Официант принес кофе. Инессе же вдруг сразу стало понятно замешательство Остапа, и его ложь. «Он стыдится меня – это хорошо».

- Где тебя черти носят? – прервали её размышления слова Сильвии, обращенные к официанту.

- Извините, наш шеф-повар старался специально для Вас.
Сильвии понравился его ответ. «Какой умница» - подумала Инесса, провожая мальчика взглядом.

- Я смотрю, ты к нему неравнодушна?

- Симпатичный паренек, что есть, то есть. Значит, Остап тебе сделал предложение. И какое же?

- Пока и непонятно какое. Просто предложил пожить с ним, на его квартире.

- Хм!

- И я про тоже. У вас, как с ним обстоят дела?

- Сильвия, милочка, бог с тобою! О чем ты говоришь?


- Как о чем. – не поняла та. – Разве у вас ничего не было? Мне казалось, что с той вечеринки у нас вы с ним сошлись потеснее.

- Какая чепуха, тебе в голову лезет. Просто общаемся, время от времени, и все.

- А мне казалось, что между вами что-то есть.

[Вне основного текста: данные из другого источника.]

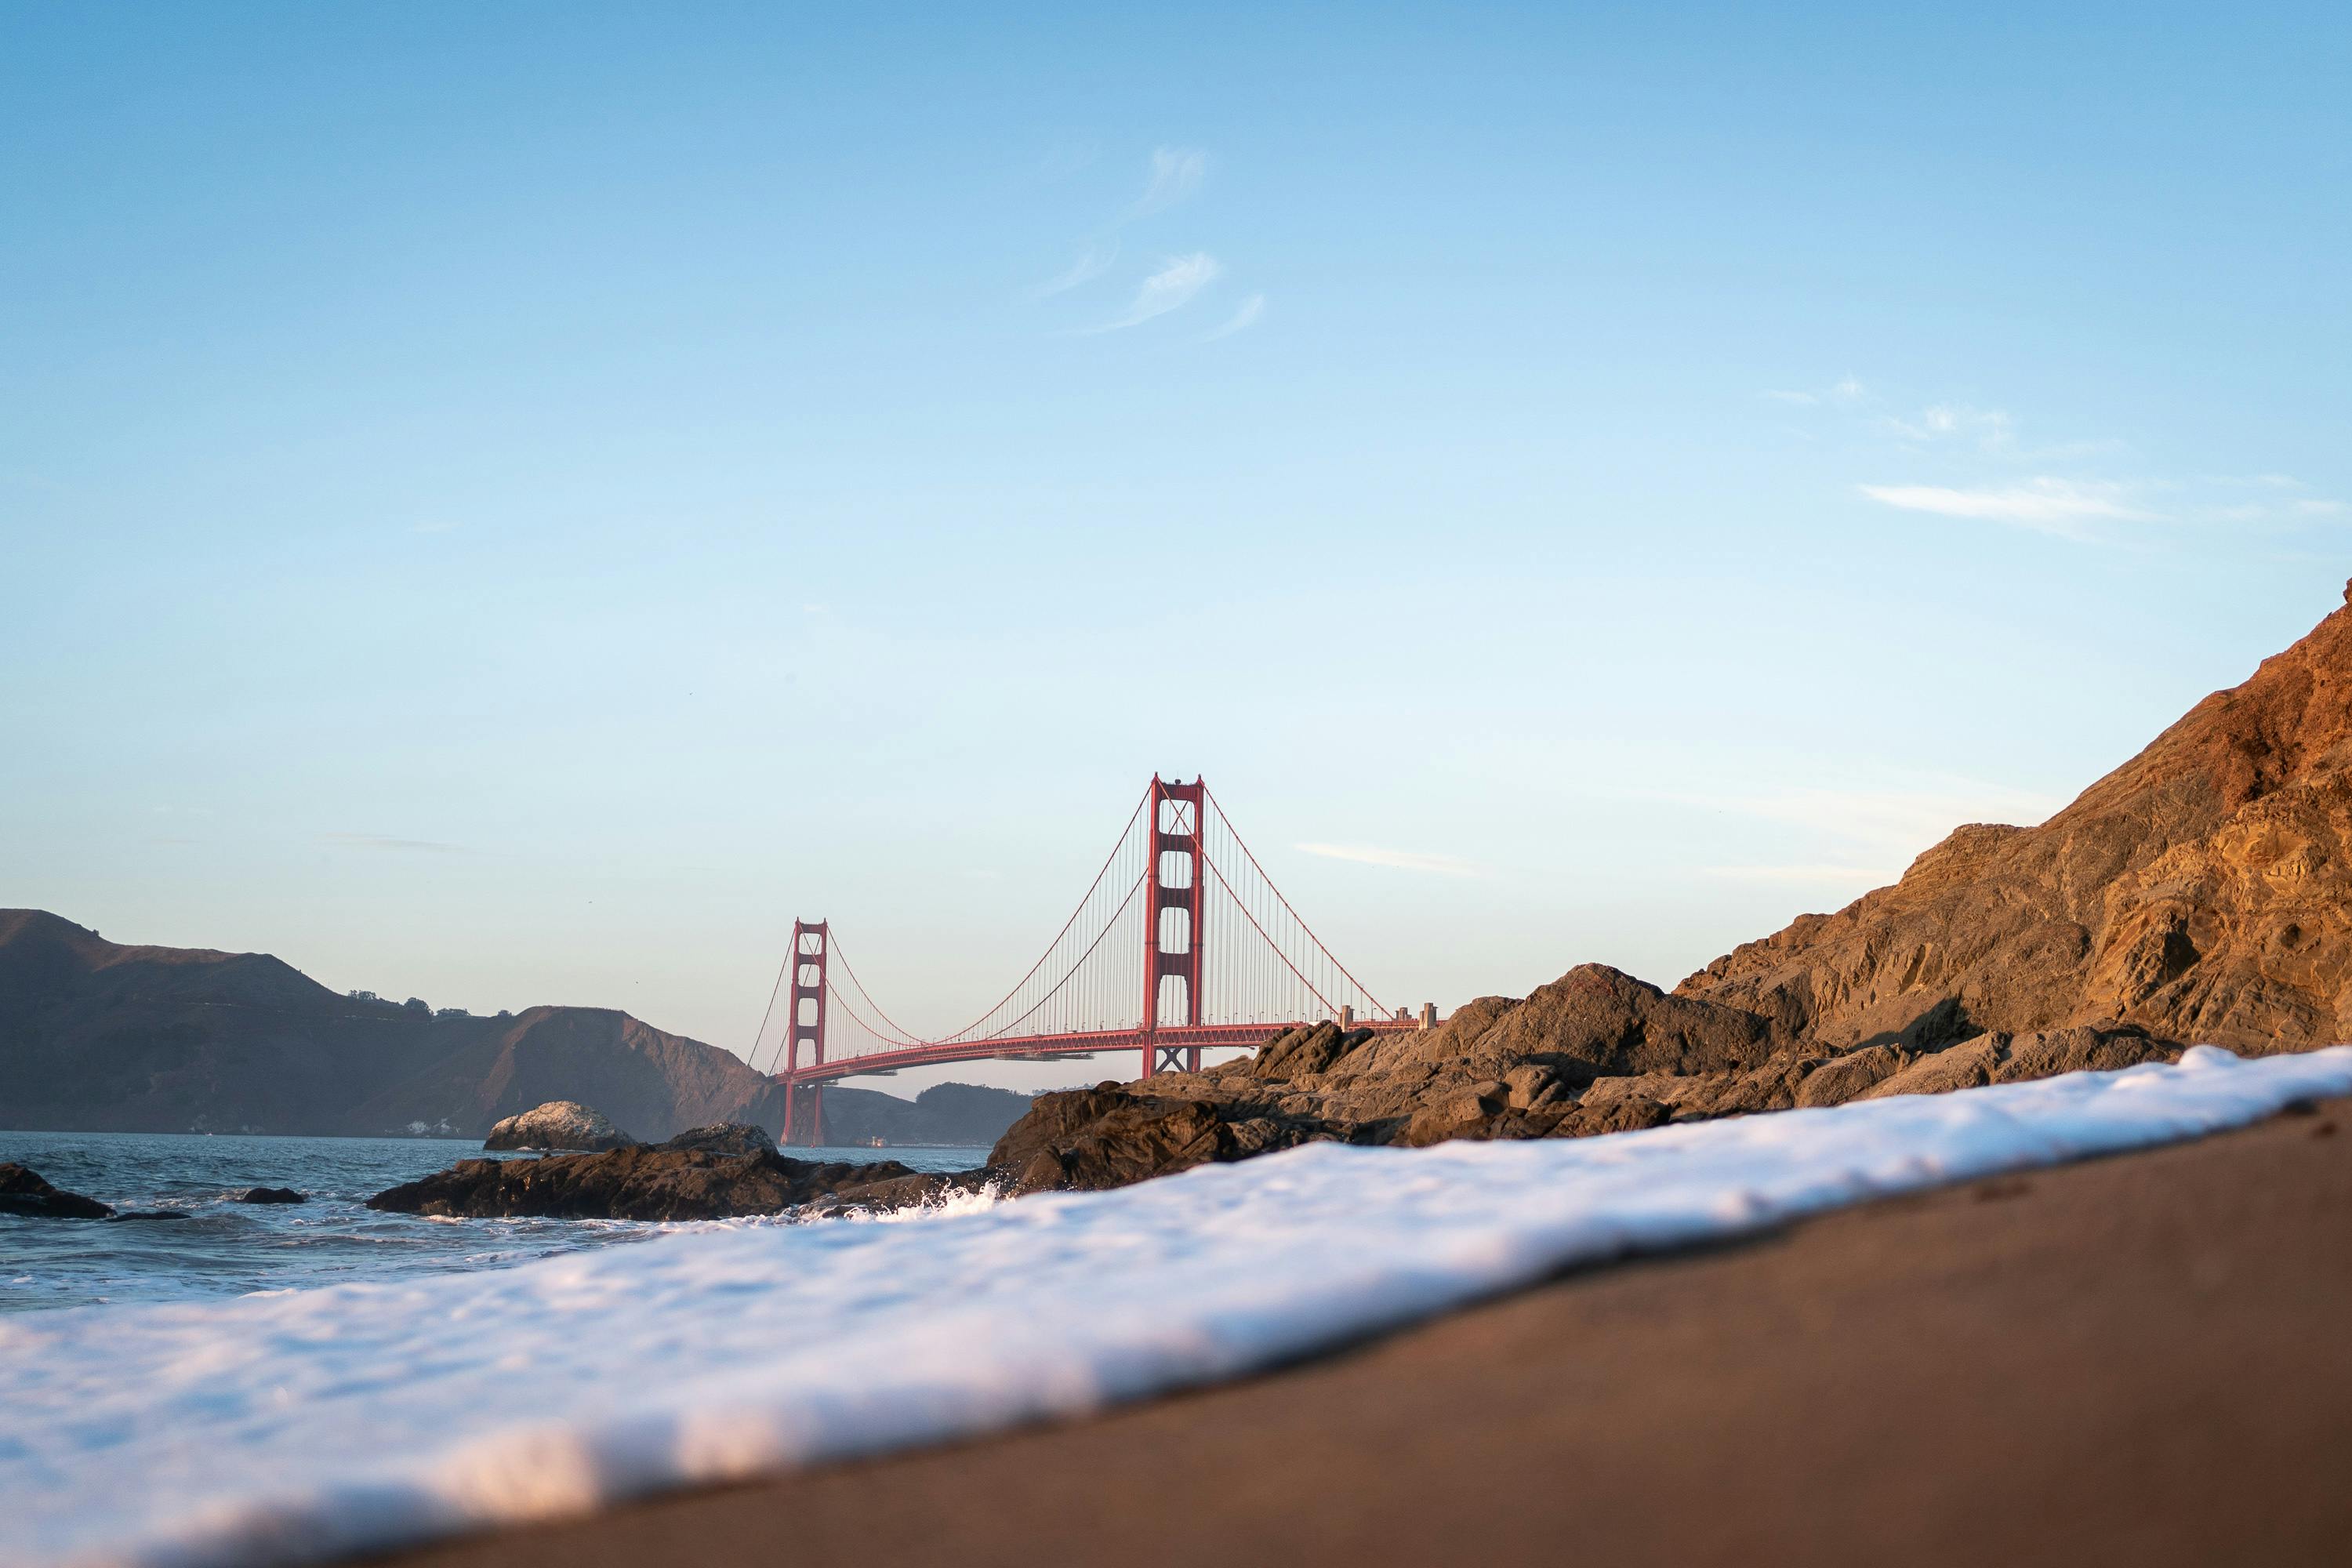 San Francisco Golden Gate Bridge at Sunset

- Ничего у нас нет. – резко ответила Инесса. – И не может быть.

- Я, собственно, это и хотела узнать. Нехорошо как-то у подруги ухажеров отбивать, совсем нехорошо.

- Этого отбивай, сколько угодно. Так ты сейчас к нему на квартиру?

- Нет, я еще не говорила ему об этом. Хотела у тебя переночевать сегодня, а завтра все уже решить. Ты не против.

- Конечно, нет. Какие разговоры, ночуй, столько времени, сколько тебе нужно.

 ***
 

В перестроенной из крупногабаритной двушки в однушку, и отделанной внутри под испанское средневековье с камином и висящим над потолком огромным колесом из красного дерева, исполняющего роль люстры, квартире Инессы, они с Сильвией сидели за кухонным столом, потягивая французский коньяк с лимоном.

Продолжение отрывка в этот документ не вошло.